W niedzielny poranek zmarł Edward Dwurnik. Artysta odszedł w swoim domu, miał 75 lat. Słynny malarz i grafik pozostawił po sobie tysiące prac. Jedno z jego dzieł, mural „Uśmiechnięte twarze”, mysłowiczanie mogą podziwiać na murze przy mysłowickim Areszcie Śledczym, na kamienicy przy ulicy Krakowskiej.
Artysta urodził się w 1943 roku. Na Akademii Sztuk Pięknych w Warszawie studiował malarstwo oraz rzeźbę. Zasłynął już w latach 60. cyklem obrazów pt. „Podróże autostopem”. Rozpoznawalność przyniosły mu także serie „Od Grudnia do Czerwca” (o ofiarach stanu wojennego) i „Drogi na Wschód” (o ofiarach stalinizmu).
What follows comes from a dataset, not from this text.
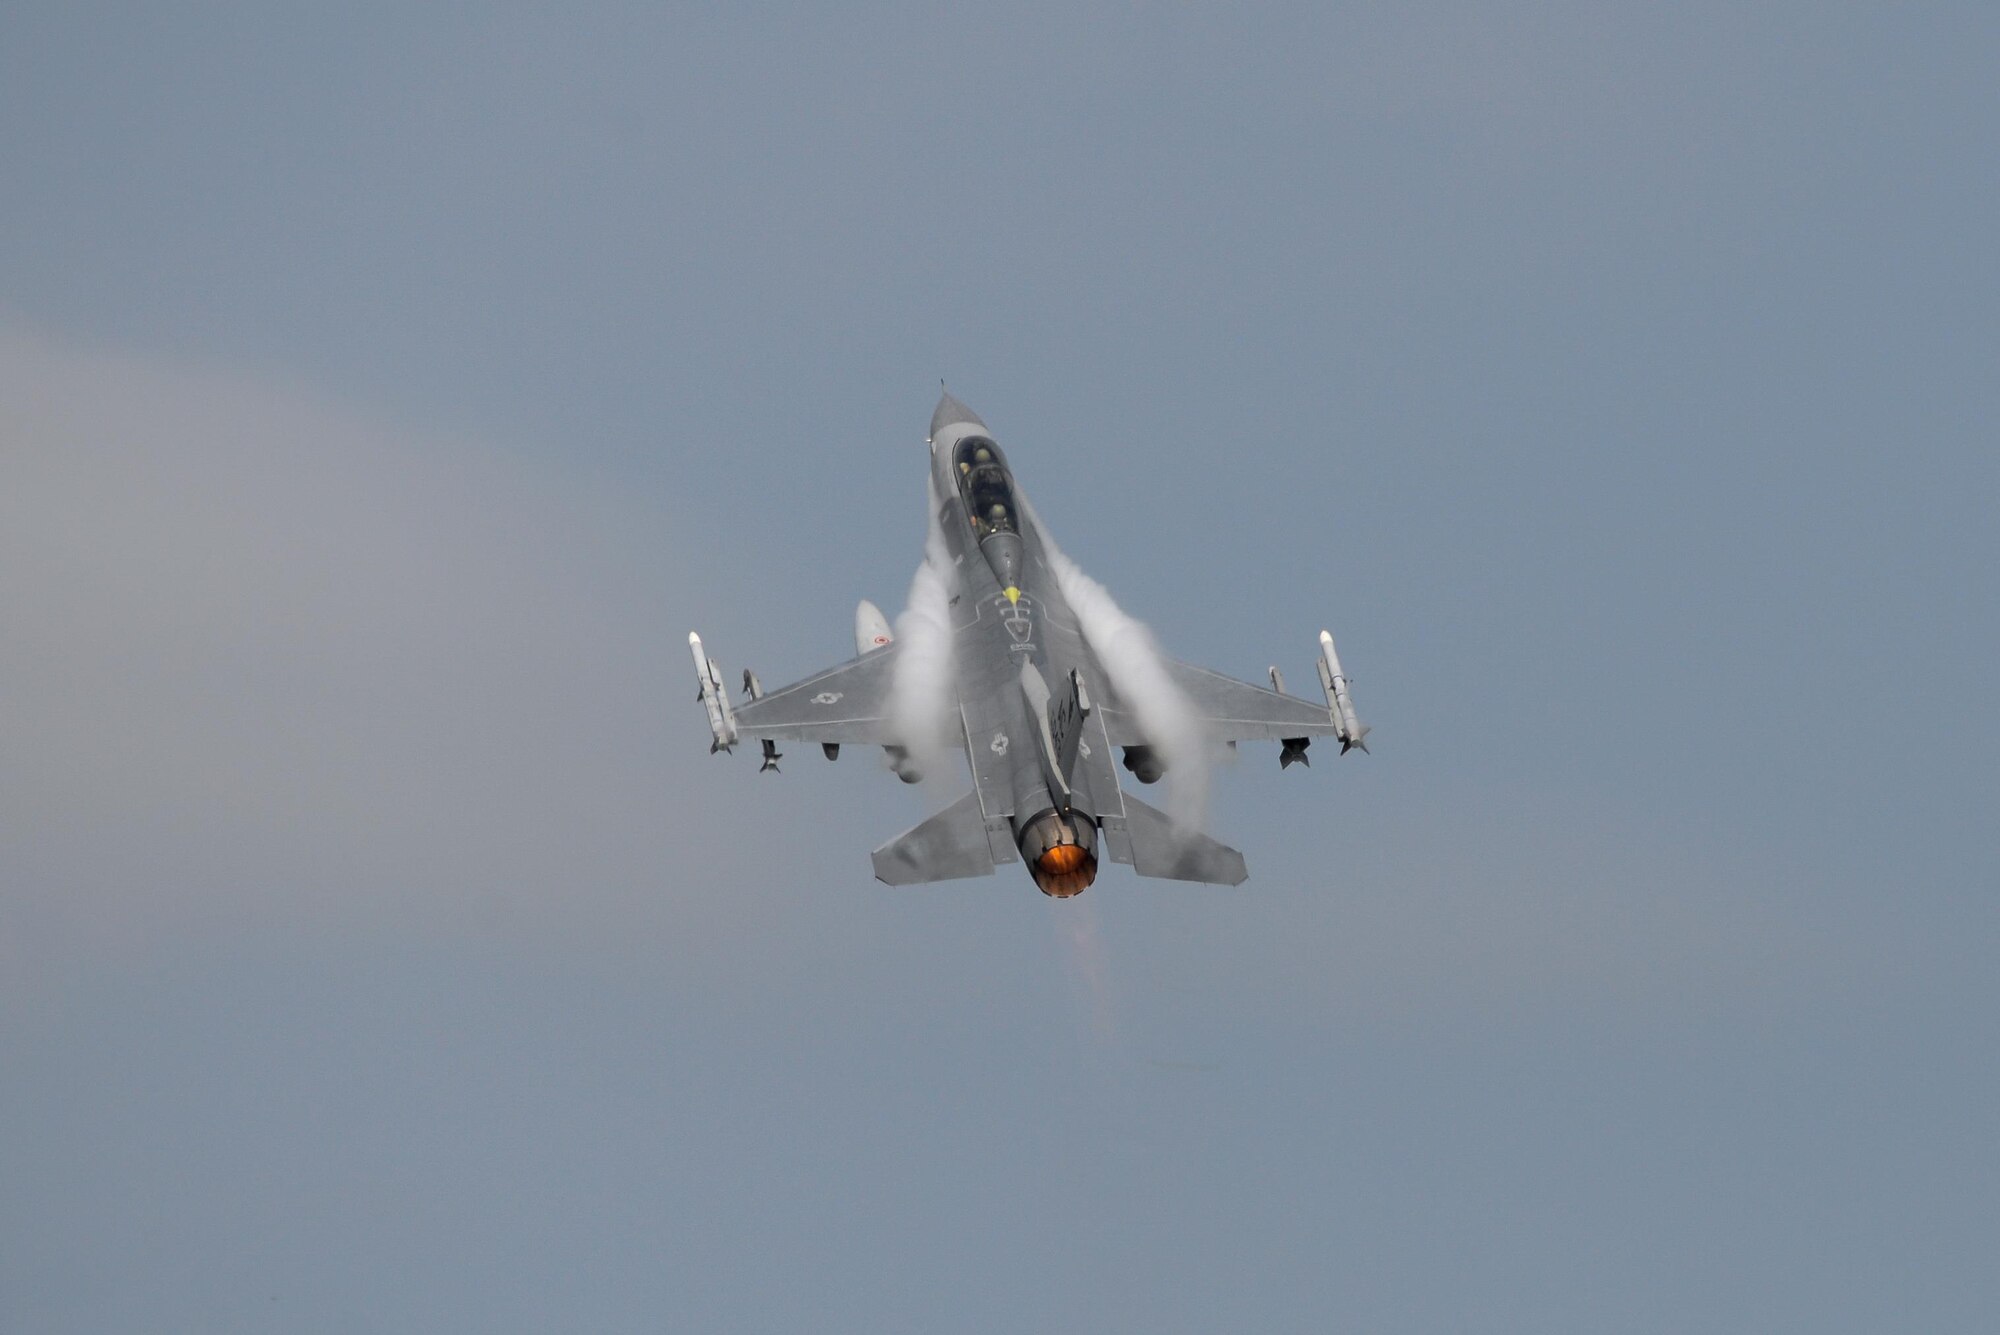 An F-16D Fighting Falcon, piloted by Col. John R. DiDonna, the commander of the New Jersey Air National Guard’s 177th Fighter Wing, takes off in afterburner with Brig. Gen. Robert C. Bolton in the back seat for his "fini flight" at the Atlantic City Air National Guard Base in Egg Harbor Township, N.J., Aug. 16, 2016. (U.S. Air Force photo/Master Sgt. Andrew J. Moseley)

Dwurnik był cenionym i wielokrotnie nagradzanym artystą. Może poszczycić się Krzyżem Oficerskim Orderu Odrodzenia Polski oraz Złotym Medalem „Zasłużony Kulturze Gloria Artis”.
W swoim dorobku ma blisko 5 tysięcy obrazów, około 14 tysięcy prac na papierze i 3,5 tysiąca grafik. Jest także autorem znajdującego się w Mysłowicach muralu „Uśmiechnięte twarze”. Powstał on
podczas II edycji OFF Festivalu, który w zamyśle jego pomysłodawcy Artura Rojka, był nie tylko wydarzeniem muzycznym, ale sięgał do różnych dziedzin sztuki. Mural przedstawia karykaturalnie, uśmiechnięte twarze. Dzieło utrzymane jest w żywej, wręcz w jaskrawej kolorystyce, co mocno kontrastuje z miejscem, na którym się znajduje – tuż obok więziennego muru. Te sztuczne uśmiechy należy raczej rozumieć jako kpinę, zadane przez artystę pytanie, czy odbiorca rzeczywiście ma powody do śmiechu.